- _Data_
⁂

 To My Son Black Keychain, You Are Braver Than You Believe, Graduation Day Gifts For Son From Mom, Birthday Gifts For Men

⁂

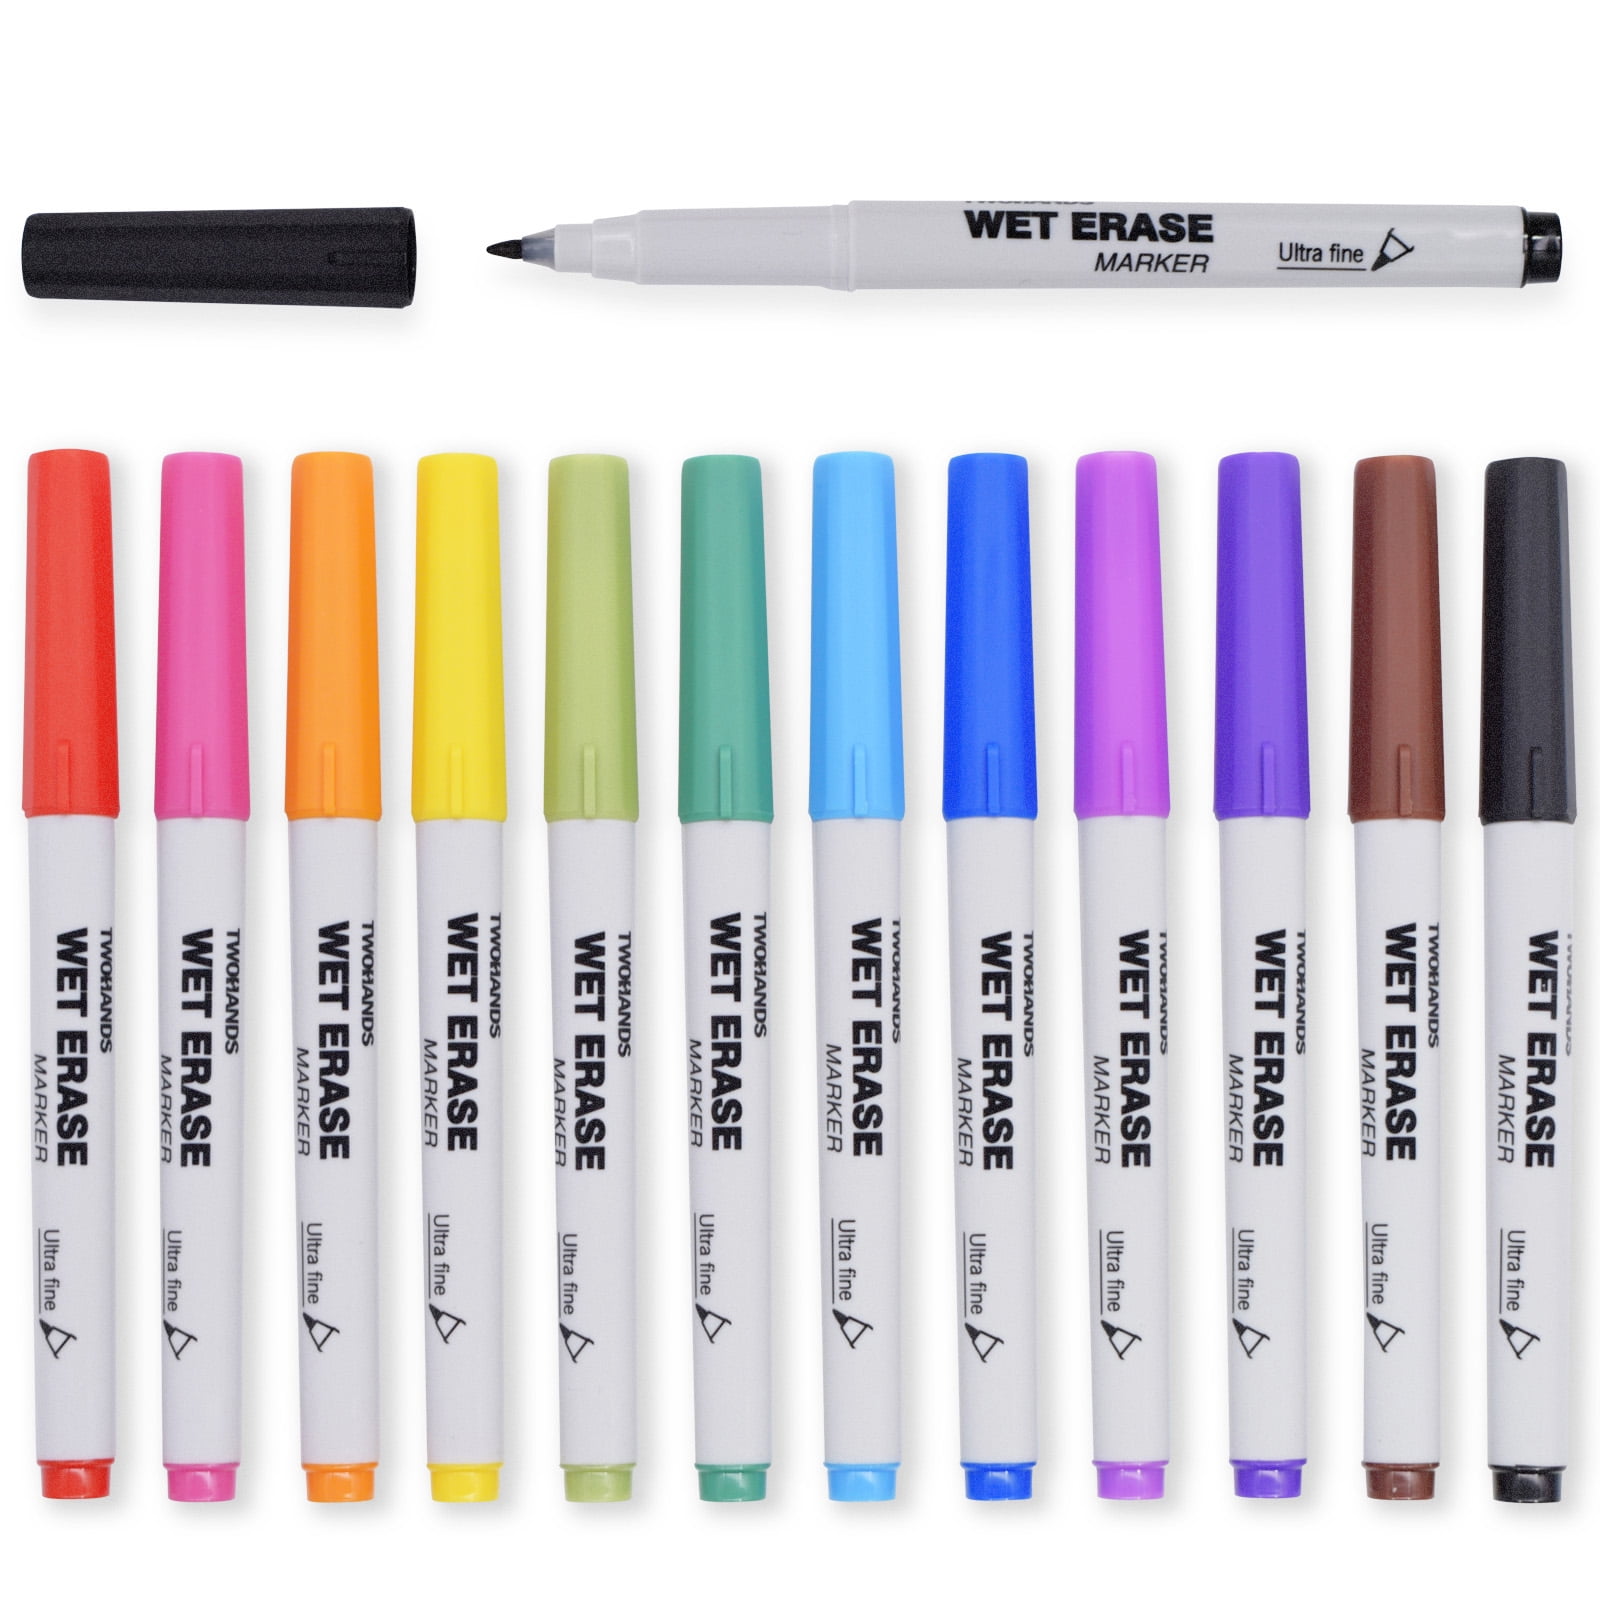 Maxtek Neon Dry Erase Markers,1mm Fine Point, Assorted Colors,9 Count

⁂

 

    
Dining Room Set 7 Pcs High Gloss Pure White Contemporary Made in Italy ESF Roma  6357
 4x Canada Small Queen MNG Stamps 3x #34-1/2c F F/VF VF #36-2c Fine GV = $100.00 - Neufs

⁂

- _About this task_
Look back at the entries above. Retype the line with "Dining Room Set", the line with "4x Canada Small", and all lines in between.

- _Task solution_
Dining Room Set 7 Pcs High Gloss Pure White Contemporary Made in Italy ESF Roma  6357
 4x Canada Small Queen MNG Stamps 3x #34-1/2c F F/VF VF #36-2c Fine GV = $100.00 - Neufs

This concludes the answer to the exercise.